«En mi casa, cuando yo llego del trabajo siempre tengo que encontrar mi comida sobre la mesa y en ella nunca puede faltar el muslo largo del pollo. Eso también les aconsejo a mis amigos, pues si su mujer no lo está haciendo de esa manera, entonces les recomiendo que abran bien los ojos, porque algo raro está pasando en su propia casa y no se han dado cuenta».
Así se expresaba una persona muy querida, un poco en broma un poco en serio, en uno de esos ocasionales encuentros de amigos. Lo significativo del hecho es que este tipo de comportamiento constituye un indicador de lo que podríamos llamar la cultura del muslo largo. Una cultura con esencia machista, autoritaria y cargada de privilegios a partir del poder. La misma ha permanecido ancestralmente enraizada en nuestra sociedad, aunque se percibe un ligero cambio favorable en las recientes generaciones.
En nuestro país, como en cualquier otro, los privilegios además de estar asociados a la identidad de género, poder económico, político o militar proporcionan una connotación de superioridad en el estatus social a la persona. Todo esto ocurre con el agravante de que ciertos sectores poblacionales lo perciben como algo legítimo. Basta con ser pariente, conocido, allegado o pariente de pariente para también gozar de las bondades del poder, así lo considera mi vecino.
El problema es percibido como tal, pues con el paso del tiempo se ha llegado a concebir como un derecho adquirido con el cargo, que nuestros gobernantes disfruten de una serie de ventajas en contraste con la condición de marginalidad en que permanece la mayoría de la población; incluso, desde distintas instancias de poder del Estado han logrado legalizar un vergonzoso sistema de privilegios considerado por los agraciados como una prerrogativa de todo funcionario público.
Es así como gozar de dos exoneraciones de vehículo en cuatro años se convierte en un derecho defendido por los beneficiarios con el cuchillo en la boca; invitar, igual que en los cumpleaños, a parientes y amigos al festín de becas de estudio en el exterior es un derecho defendido a capa y espada; exigir comisiones para tramitar pagos de instituciones públicas o crear instituciones en la madrugada para en la mañana proveer a dependencias del gobierno, central o municipal, son acciones legales; portar pasaporte diplomático para sacar o entrar cualquier objeto visible no identificado del país, incluyendo personas, no causa asombro; inventar una Ong y agenciarle recursos del presupuesto nacional son atribuciones que vienen dada con el cargo público; disfrutar de más de un salario en el gobierno o elevarlo hasta donde la inflación no lo alcance; traficar con bienes raíces, mejor dicho bienes del Estado y ocupar áreas verdes y costeras o simplemente no aplicar ciertas leyes promulgadas son apenas algunas de las potestades de una persona en función administrativa de la nación o de una parte de ella.

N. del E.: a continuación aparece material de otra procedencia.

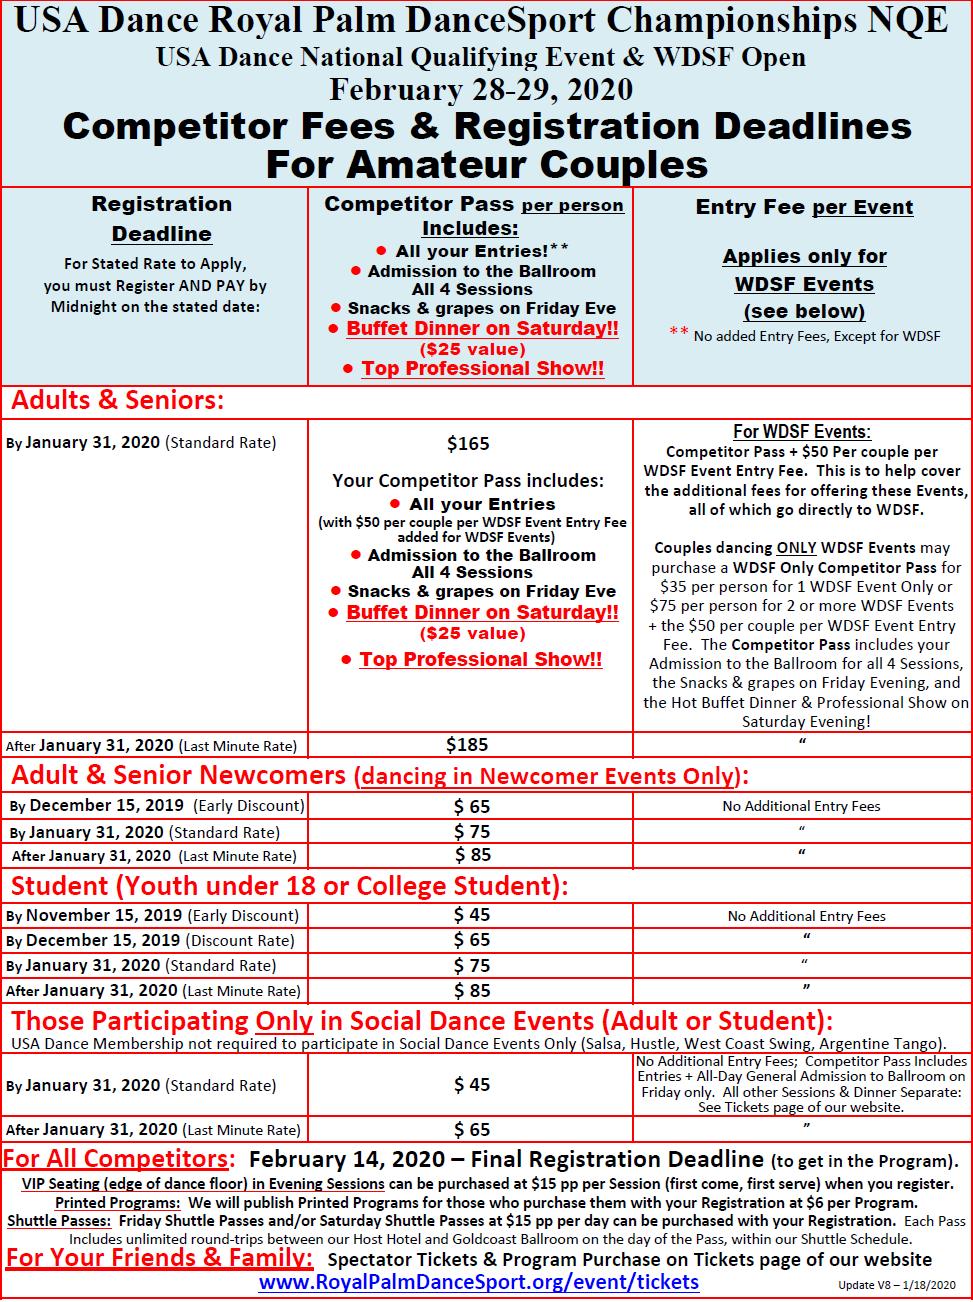 2020 Amateur Fees & Registration Deadlines

La situación se agrava con la falta de transparencia de las autoridades, al no rendir cuentas de su gestión a la ciudadanía y ésta no demandarlo. Así, predomina un vacío de información en todas las esferas del Estado. En consecuencia, se favorece un ejercicio privado de las funciones públicas, dejándonos la sensación de que estamos ante poderes patrimoniales, absolutos. ¿Acaso no existe otra manera de ejercer el poder que no sea desde esa lógica de la cultura del muslo largo?
Pero el colmo de este proceso de institucionalización del privilegio, es que ahora las ventajas comienzan mucho antes de llegar al poder. Las ciudadanas y los ciudadanos tenemos que pagar muy caras las ruidosas campañas políticas, pues la bachata y el merengue de calle han sustituido las propuestas de los aspirantes, algunos en franquicias partidarias de dudosa procedencia. Con razón en las pasadas elecciones municipales hubo más candidatos que votantes, sin que se pudieran percibir diferencias entre sus discursos, aunque la mayoría de la población no se enteró si los tenían. Ahora en las elecciones presidenciales, sólo en tres partidos hubo alrededor de veinte precandidatos. Hay quienes afirman que así es la democracia.
Definitivamente, estoy convencido de que asumir ciertos privilegios desde los espacios de poder del Estado, conlleva una acelerada dinámica de corromper la vida entera en la sociedad. Esa ha sido la principal opción de la triada: político-pelotero-combero, para uno salir de la pobreza y otros afianzar su riqueza. Y como es de suponerse, me resisto a esa vieja costumbre igual que a todo convencionalismo. Por tanto, al sentarme a la mesa, junto a mis hijos y esposa, trato de que no siempre me toque el muslo largo del infortunado pollo. Ahí se genera una parte del problema.